Top of Raw data

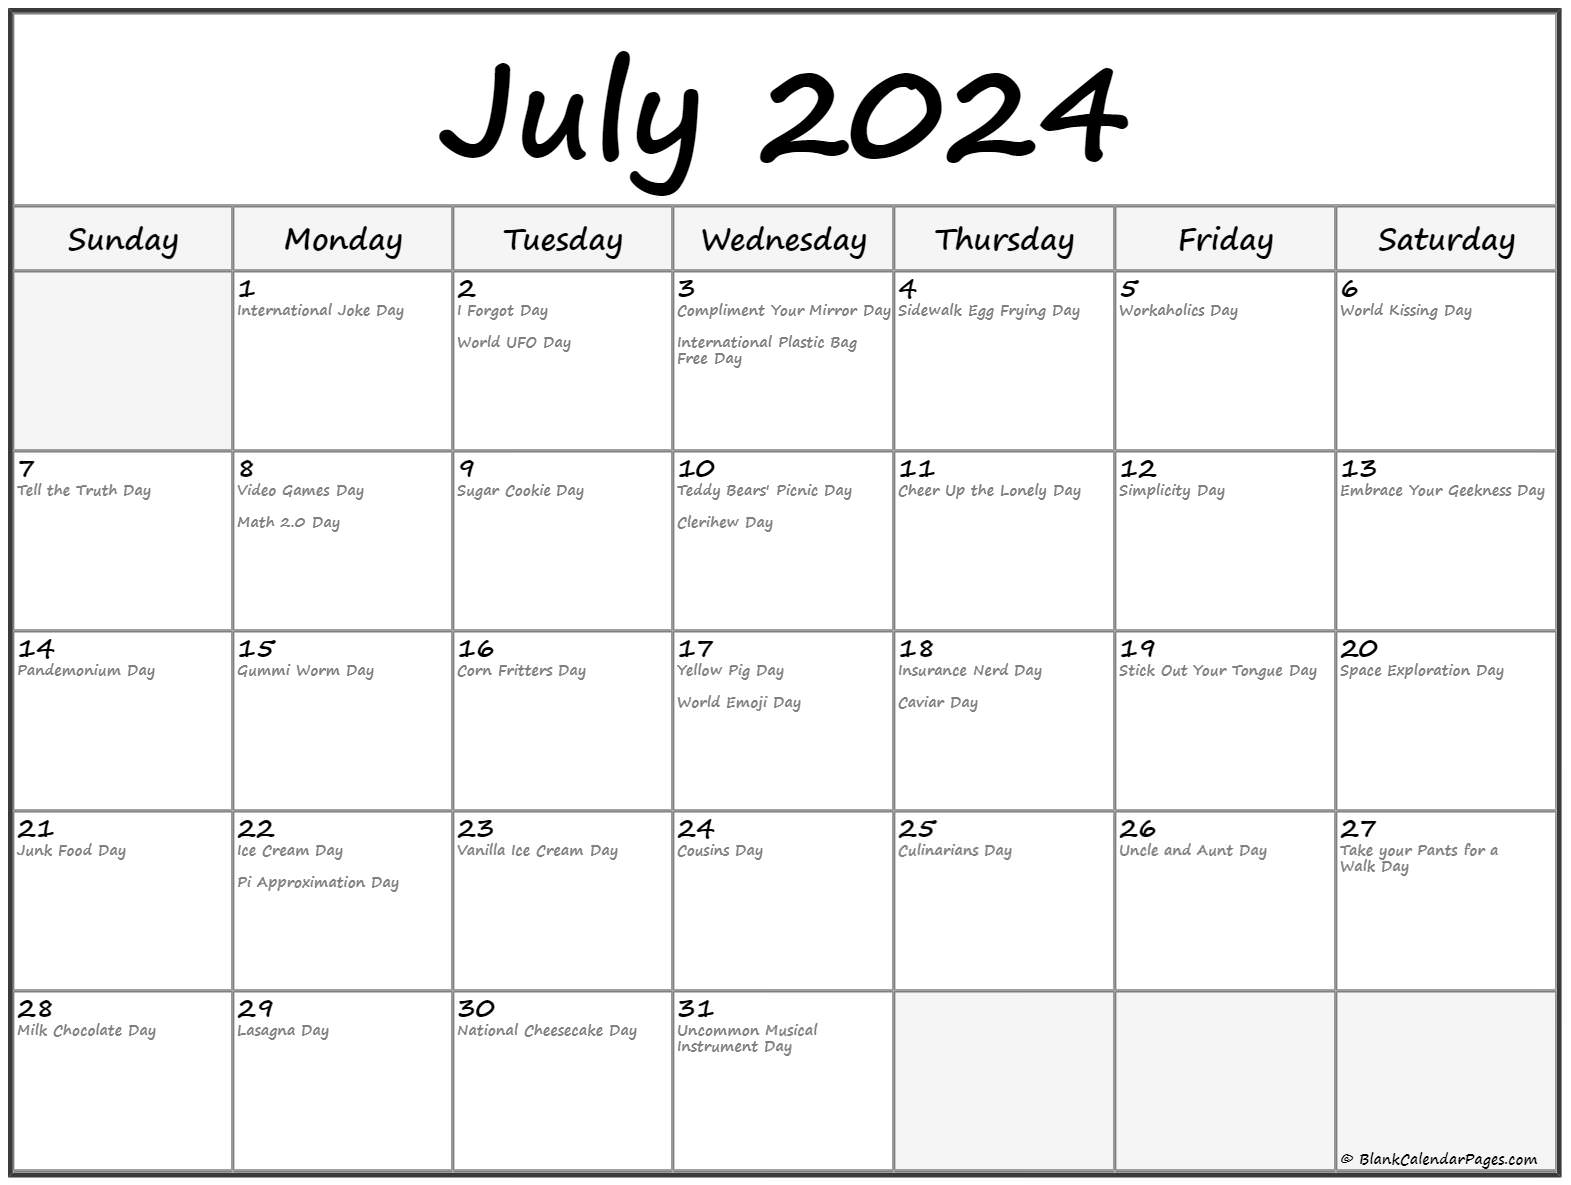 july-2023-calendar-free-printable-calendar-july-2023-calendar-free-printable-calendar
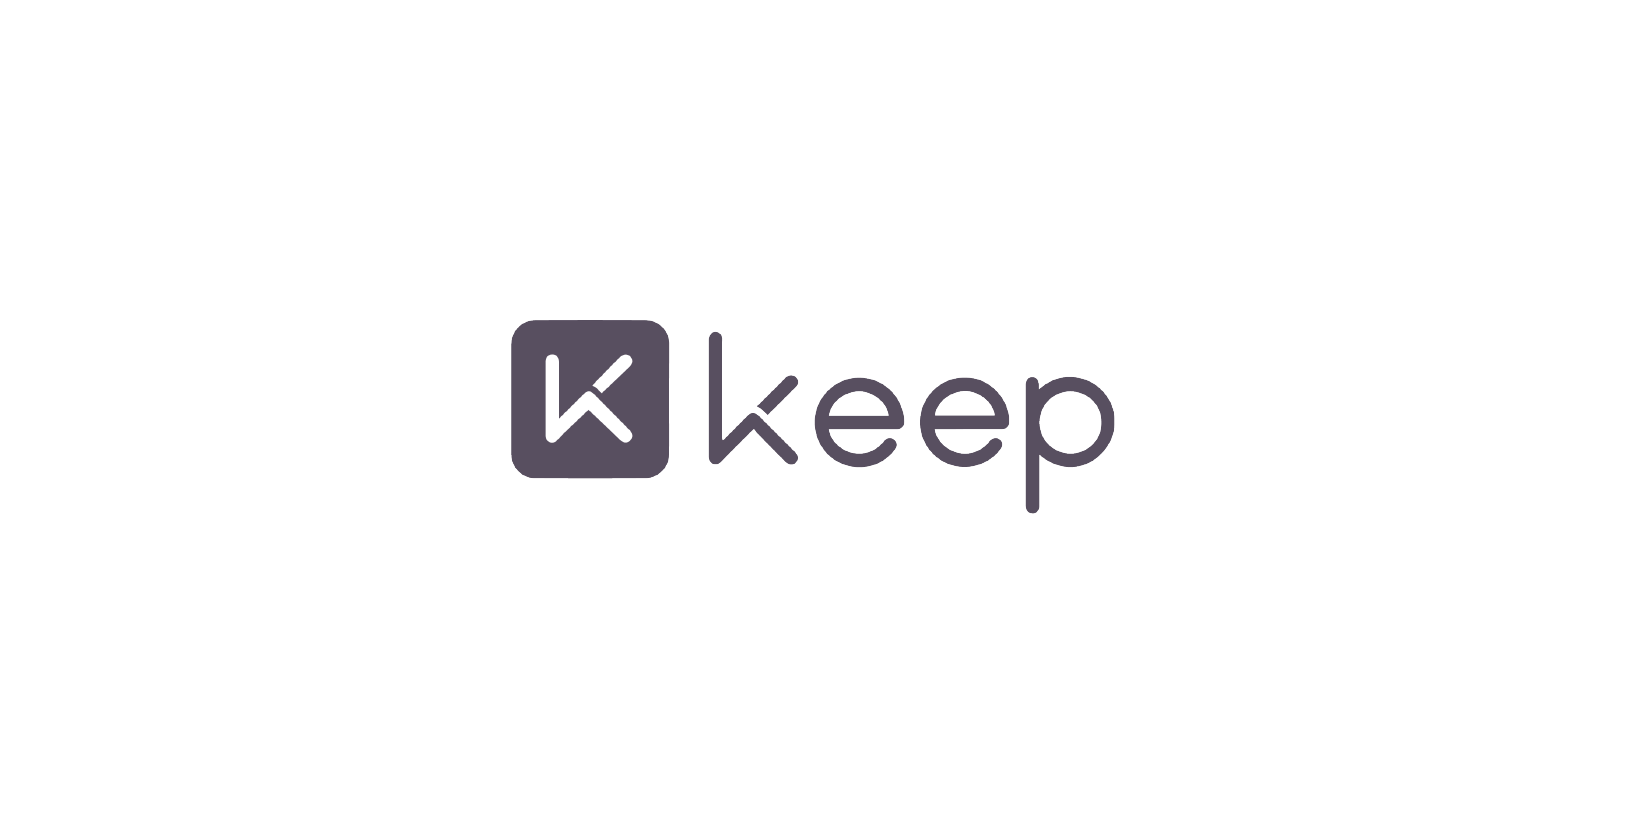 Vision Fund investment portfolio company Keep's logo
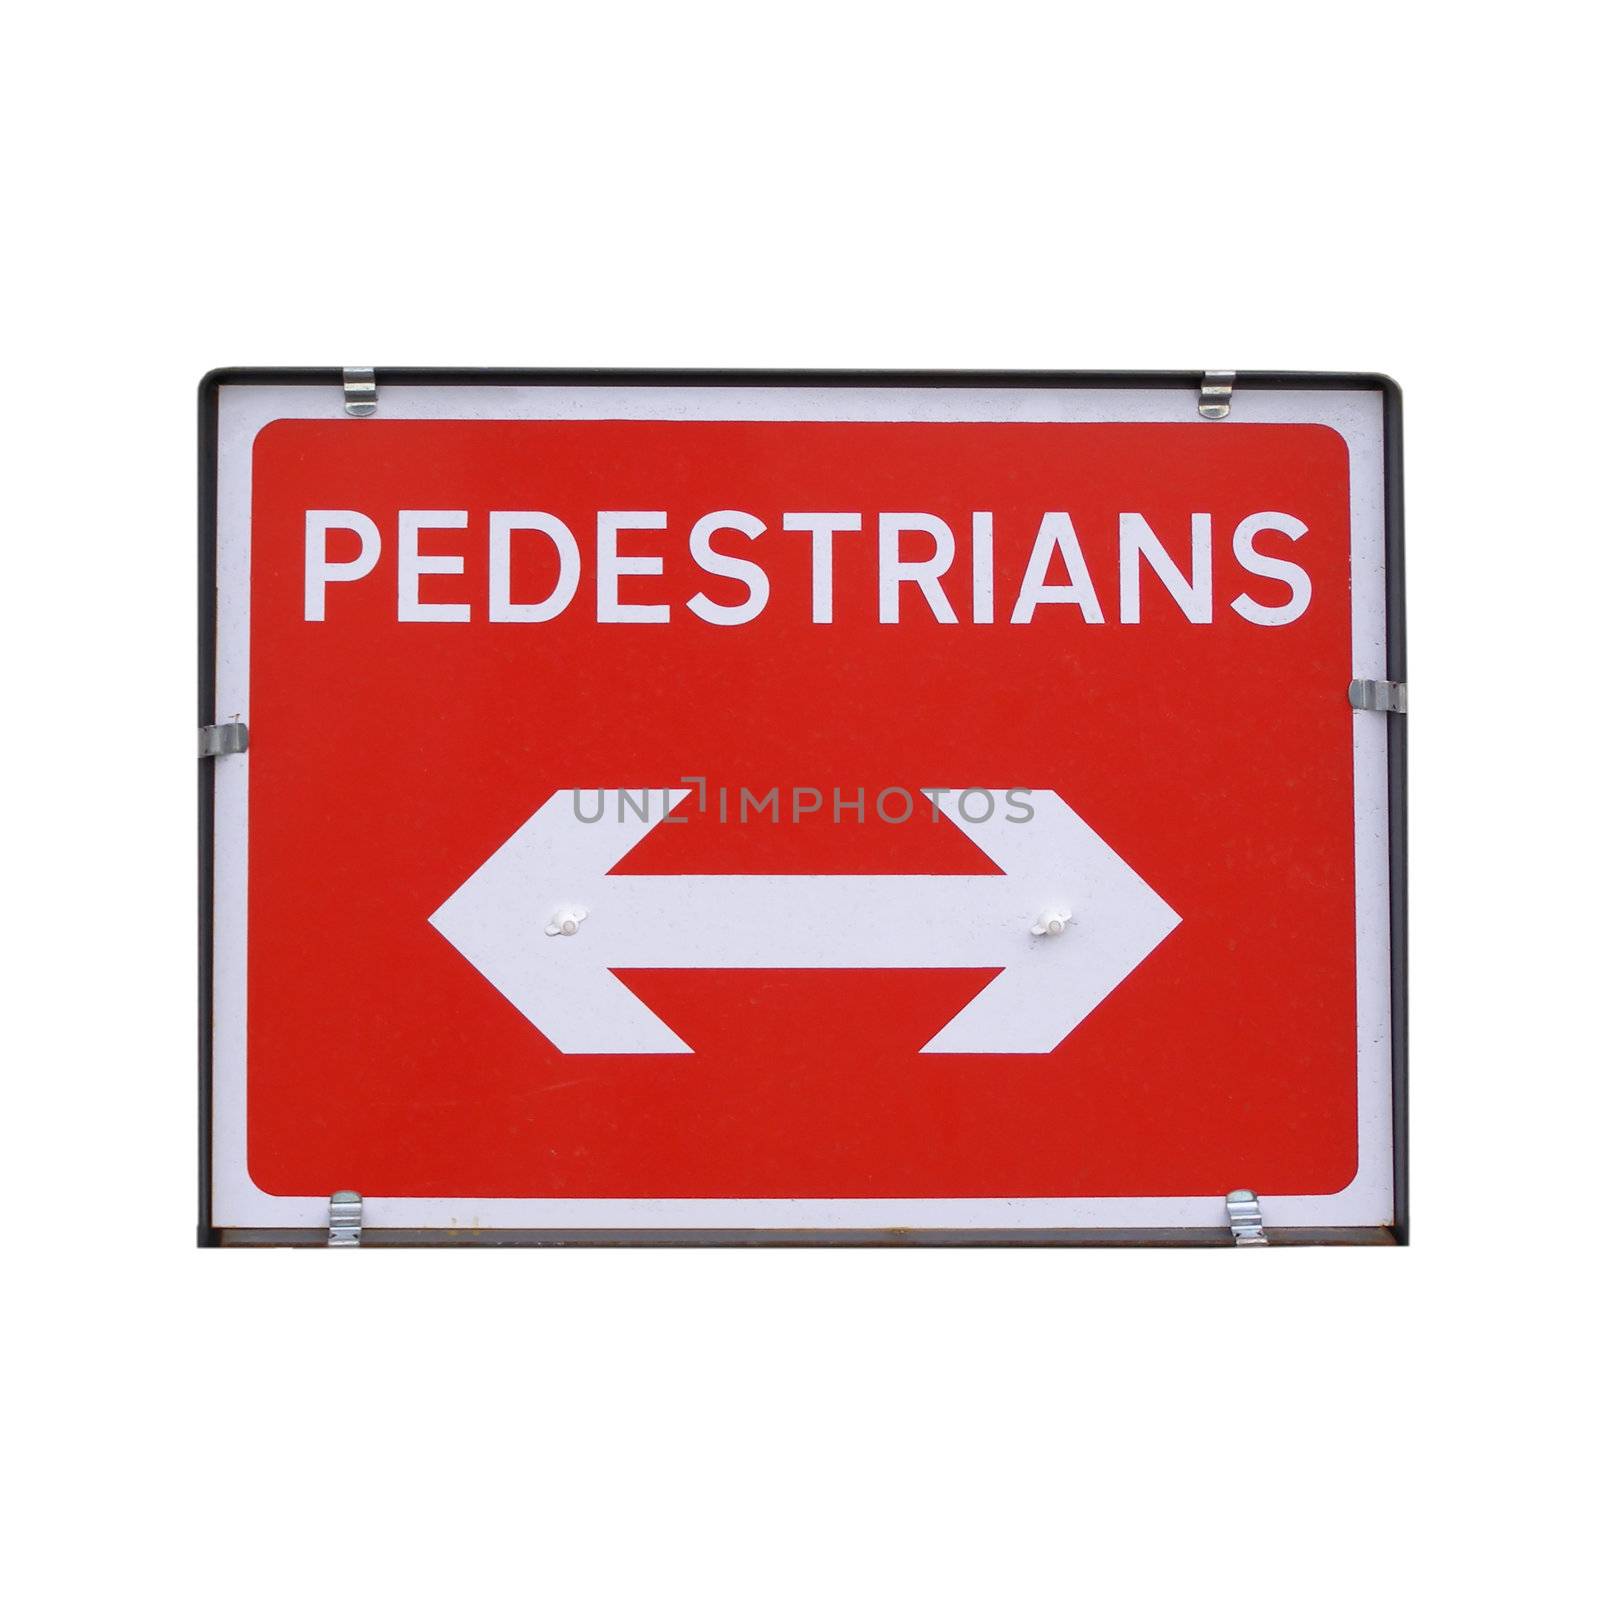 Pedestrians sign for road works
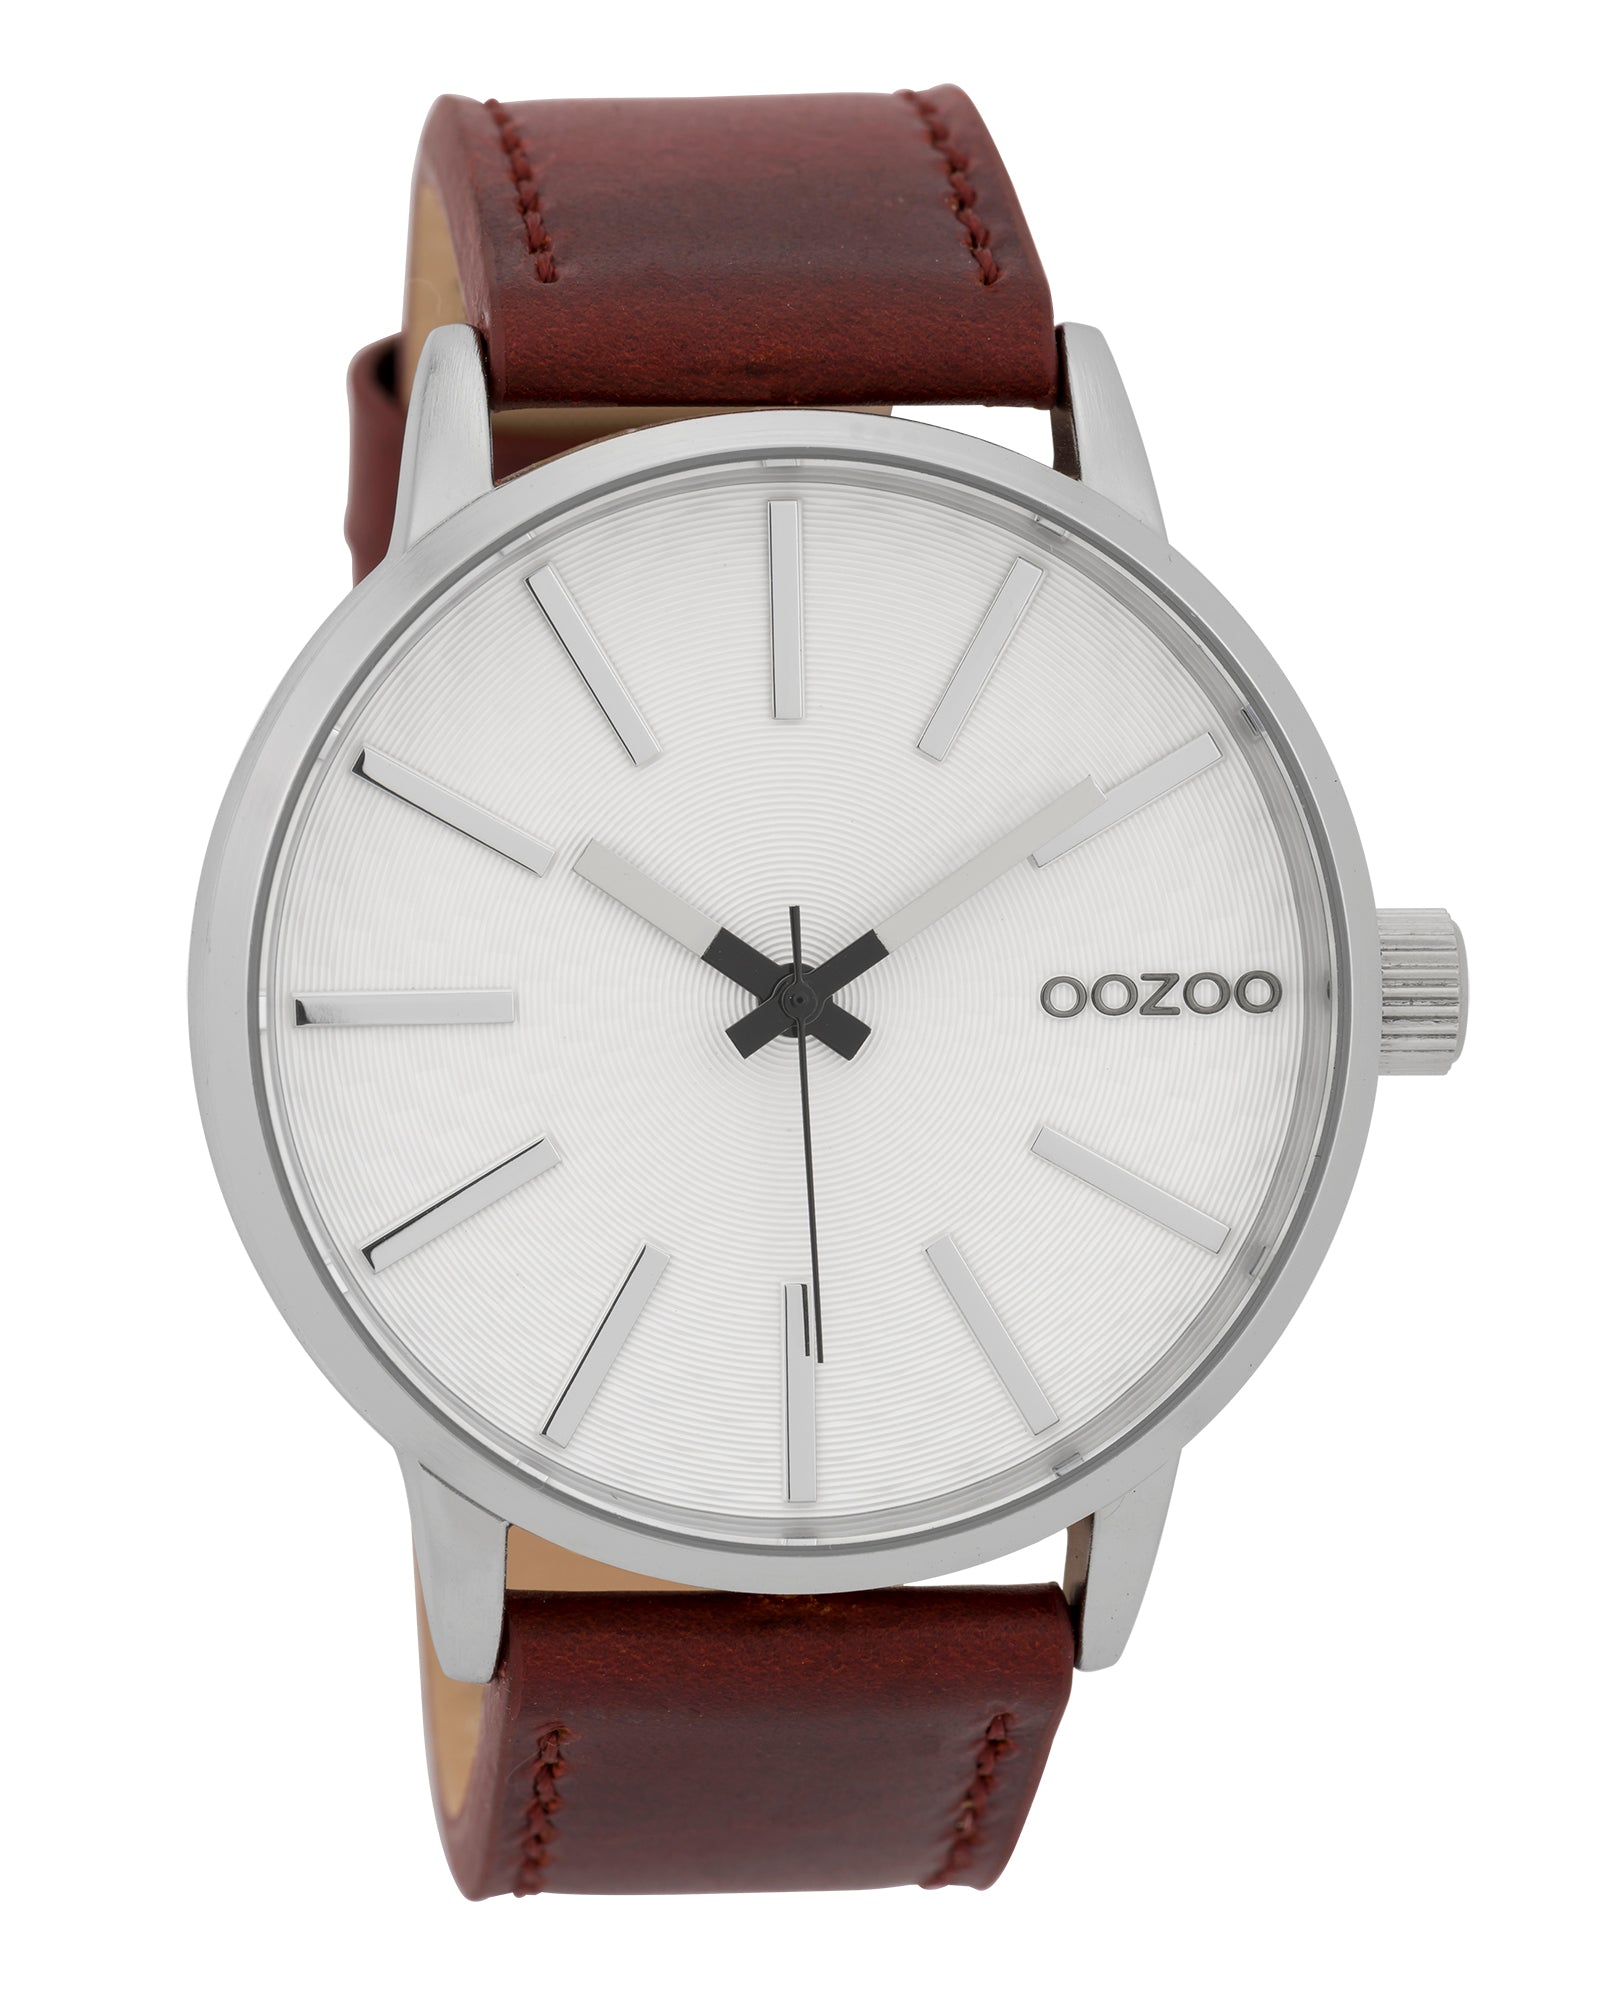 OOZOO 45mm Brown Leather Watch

Bottom of Raw data

_What this task involves_: Return all the data exactly, and keep the pictures out.

_Answer to this exercise_:
 july-2023-calendar-free-printable-calendar-july-2023-calendar-free-printable-calendar
 Vision Fund investment portfolio company Keep's logo
 Pedestrians sign for road works
 OOZOO 45mm Brown Leather Watch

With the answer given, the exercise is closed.